3. Getting temperature reading. I opened up an old cell I had and I noticed a plastic probe-like thing near to where the plates are connected in the cell. I'm assuming this is the probe which measures temperature. I'm assuming there's a thermistor inside that and the wires go to the controller which reads the resisteace and estimates the temperature. Is that how this works? I'm confused because last year I had to repair another aquarite controller and all I did was replace the SL32 2R025 thermistor and it worked. But that begs the question, why is the thermistor in the controller and not in the cell? I must be misunderstanding how this works. If you can offer any insight, please do :)

4. Getting salt readings. Once I have figured out how to get the temperature, the last thing I have to figure out is how to calculate the salt readings like the aquarite does. I found this thread (https://www.troublefreepool.com/threads/114565-How-salt-systems-determine-salinity) which discusses how the aquarite determines the salinity. But I'm still not sure how I would go about doing that myself with my own controller. I'm pretty sure I can figure out a way to get the real-time voltage and amperage of the salt cell circuit. Probably using an ardunio current sensor. With voltage, amperage and temperature, I should be able to calculate the conductivity, correct? I am going to dig further into this but any advice you can give me would be very much appreciated.

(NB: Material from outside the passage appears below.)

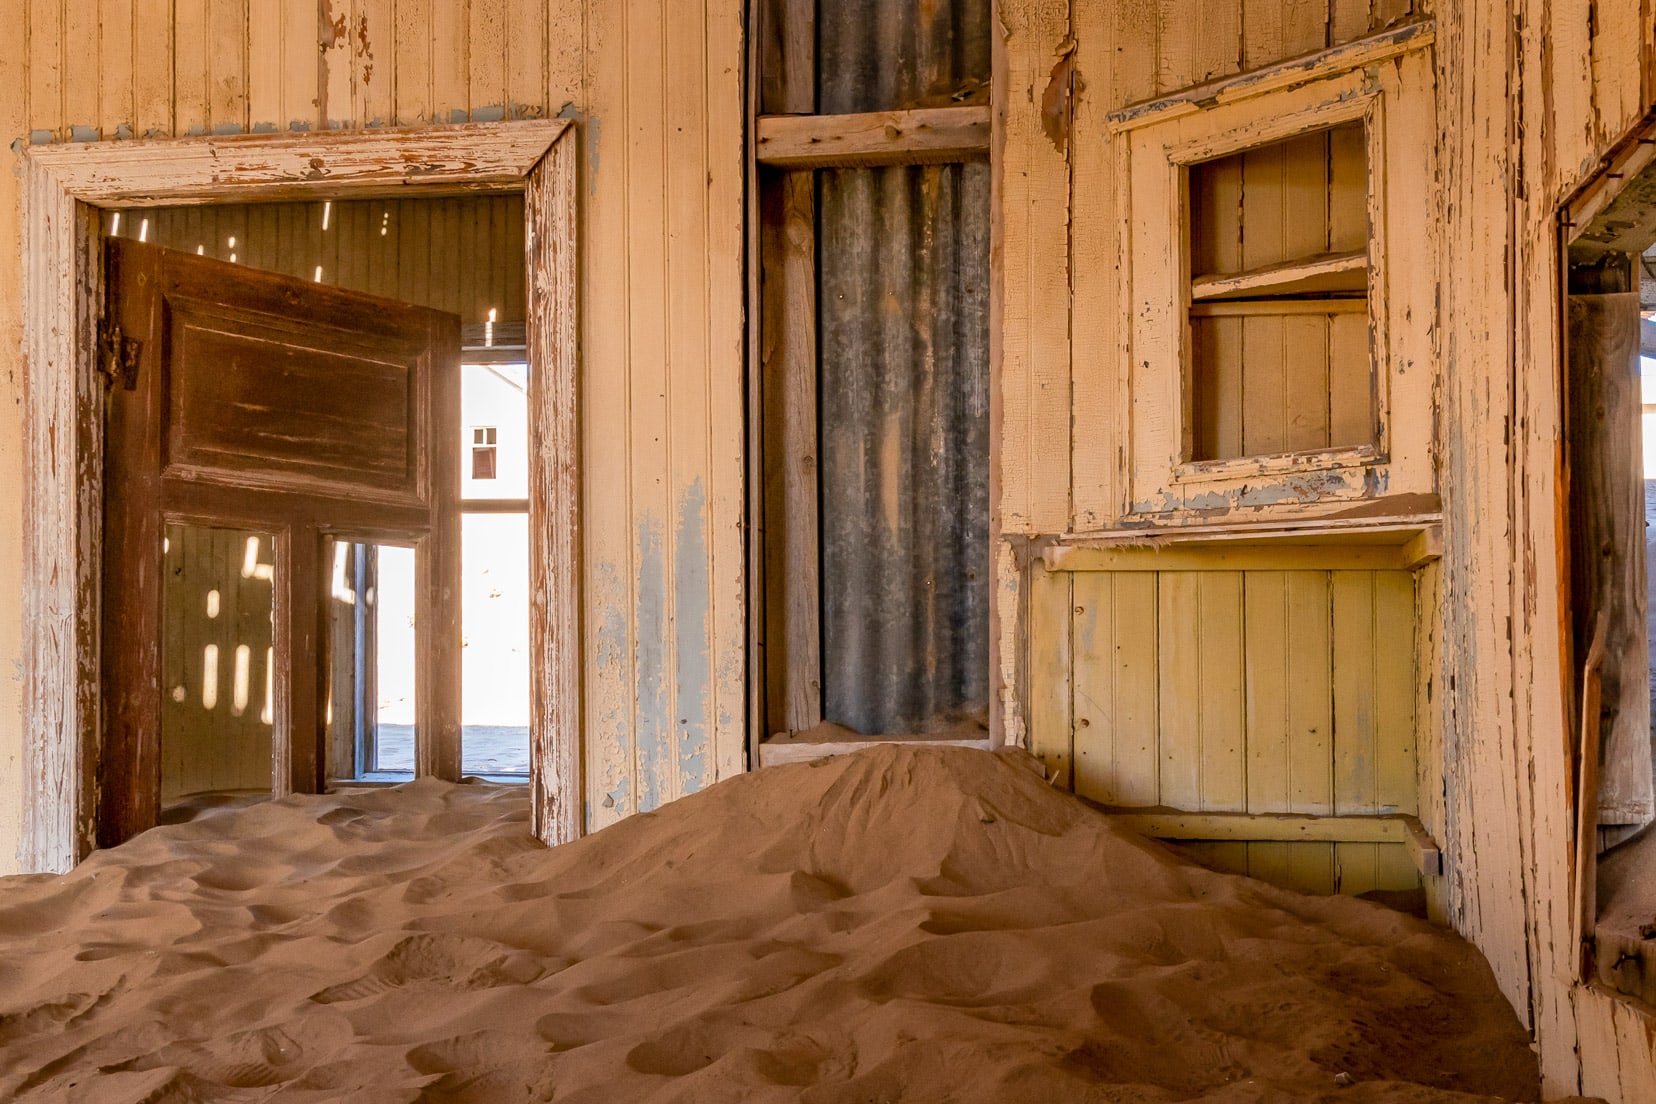 Room in Kolmanskop ghost town filled with sand

5. Finally, any safety hazards I may be overlooking?

Again, I REALLY appreciate your advice with this project.

I will update this thread as I build it.

And if know of any members who may not have seen this thread but would have a lot to contribute, could you please invite them to this thread or let me know so I can invite them?

Thanks Everybody!
 
The voltage for the aquarite is measured before the relay. So, you get a reading with the cell powered or not powered. When powered, you get a voltage drop based on the amperage. The more current the cell uses, the more the voltage drops. You should make sure that the power supply can maintain 24 volts under load.

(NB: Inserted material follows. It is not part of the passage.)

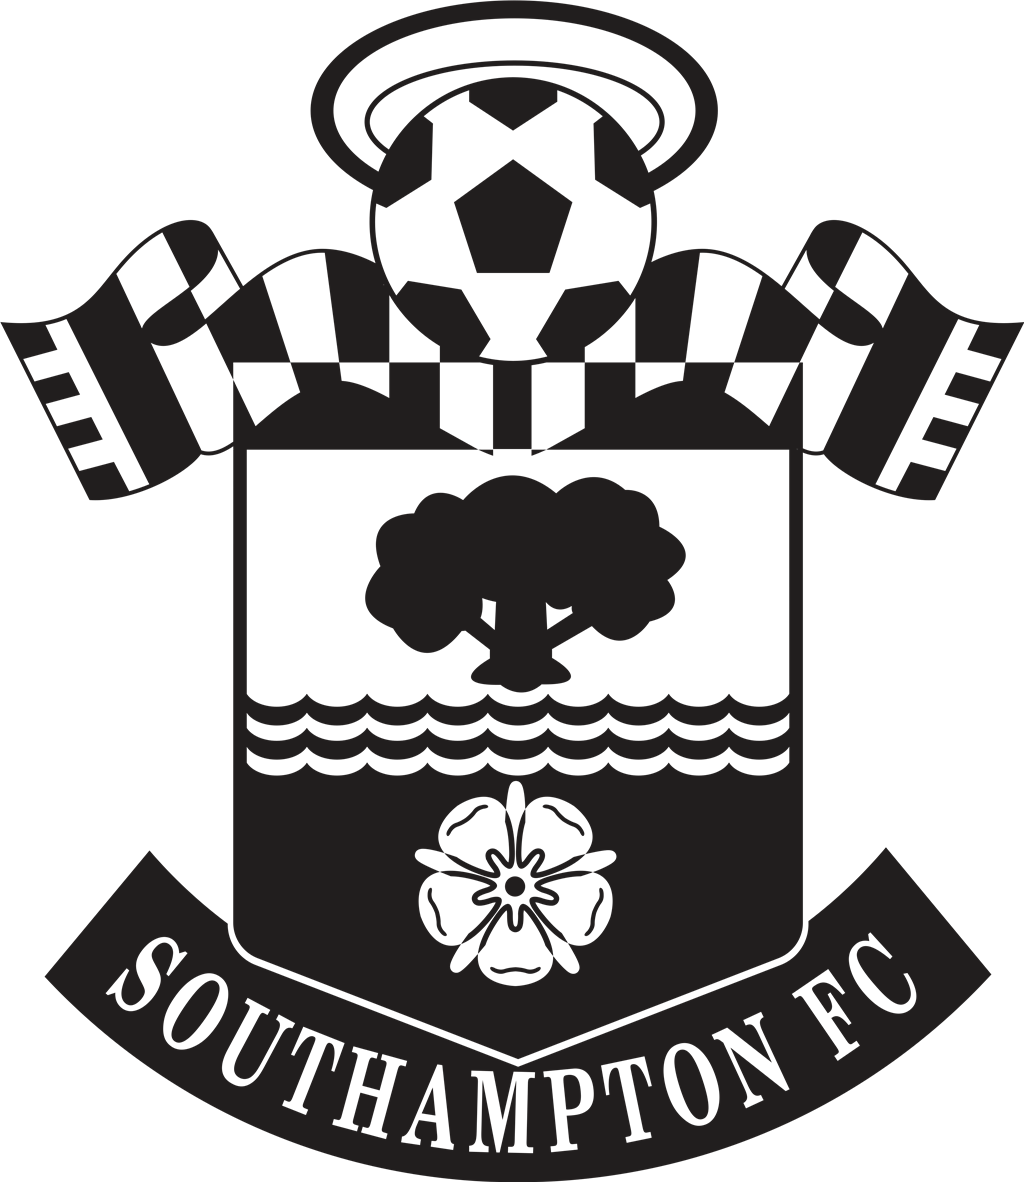 Southampton FC logotype, transparent .png, medium, large

The thermistor in the cell measures temperature. The thermistor in the box acts as a surge suppressor. Two different thermistors for different purposes.

You don't really need to measure salinity or temperature. Just get a K-1766 and maintain the salinity at about 3,200 ppm.

Get a flow switch to make sure that the cell is not powered with no flow.
 
Hi James,

Great info. I will get the power supply and adjust the pot so that voltage is between 30-35v. I guess the voltage will then drop to what it needs to be based on the amperage of the cell.

Yes, I do have a flow rate sensor incorporated into the plan. I'm using a flow rate sensor vs a flow switch because I will be installing this in conjunction with a acid feeder and ph sensor. I'm already using it for that part of the system so I might as well use the same flow rate reading in place of a flow switch. I do have one more obstacle to overcome with the acid sense/dispense system. I need to find a solenoid that won't corrode with the acid. I'm having trouble finding one of those. There are $5-$10 solenoids which would be perfect if not for the fact that they have stainless steel plungers which may not hold up well to the acid. I will post in a new thread for that but if you have any ideas, I'm all ears!

Thanks :)
 
JamesW said:
The thermistor in the cell measures temperature. The thermistor in the box acts as a surge suppressor. Two different thermistors for different purposes.

You don't really need to measure salinity or temperature.
Click to expand...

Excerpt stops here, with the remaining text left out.